By Marie Benz MD FAAD | May 7, 2017

Read Full Story Here Interview with:
Michael CTrumbo
Sandia National Laboratories
Department of Psychology
Psychology Clinical Neuroscience Center
The University of New Mexico
Albuquerque, NM What is the background for this study? What are the main findings?

Response: The impetus for this study can be found in claims made by several commercial enterprises that you can get cognitive benefits from brain training games intended to enhance working memory (the amount of information you can hold and manipulate in your mind at one time). However, a burgeoning body of research shows working memory training games often do not provide the benefits claimed. Research led by my colleague Laura Matzen shows evidence that working memory training may actually impair other kinds of memory.
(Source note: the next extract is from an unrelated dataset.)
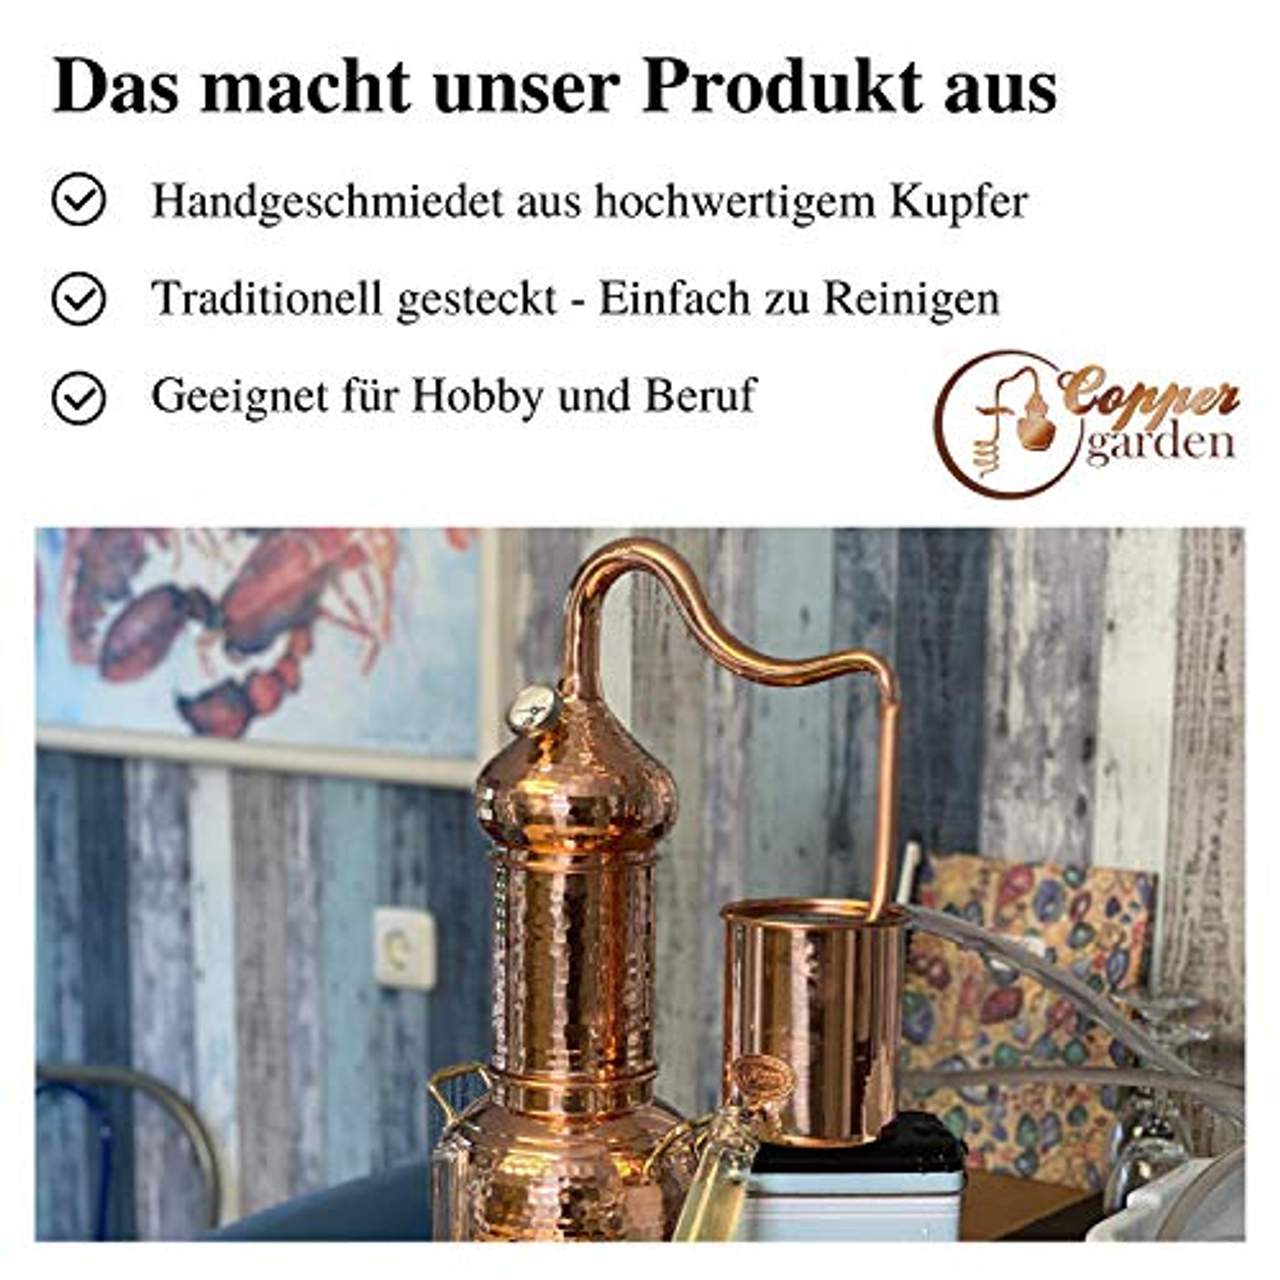 CopperGarden Destille Essence Plus 2 Liter Kolonnenbrennerei

A key concept in demonstrating improvement of the working memory system is task transfer – if working memory has been improved, then that improvement should be evident when attempting tasks aside from the trained task, to the extent that these new tasks utilize working memory. Brain stimulation combined with working memory training might work when training by itself falls short because stimulation allows for manipulation of brain plasticity in brain regions that are relevant to working memory task performance. If you’re improving connectivity in a brain region involved in working memory, then you should get transfer to other tasks to the extent that they rely on that same brain region. When you’re having people do tasks in the absence of brain stimulation, it’s not clear if you’re getting this general improvement in working memory brain areas. You might be getting very selective, task kind of improvements due to use of task-specific strategy development.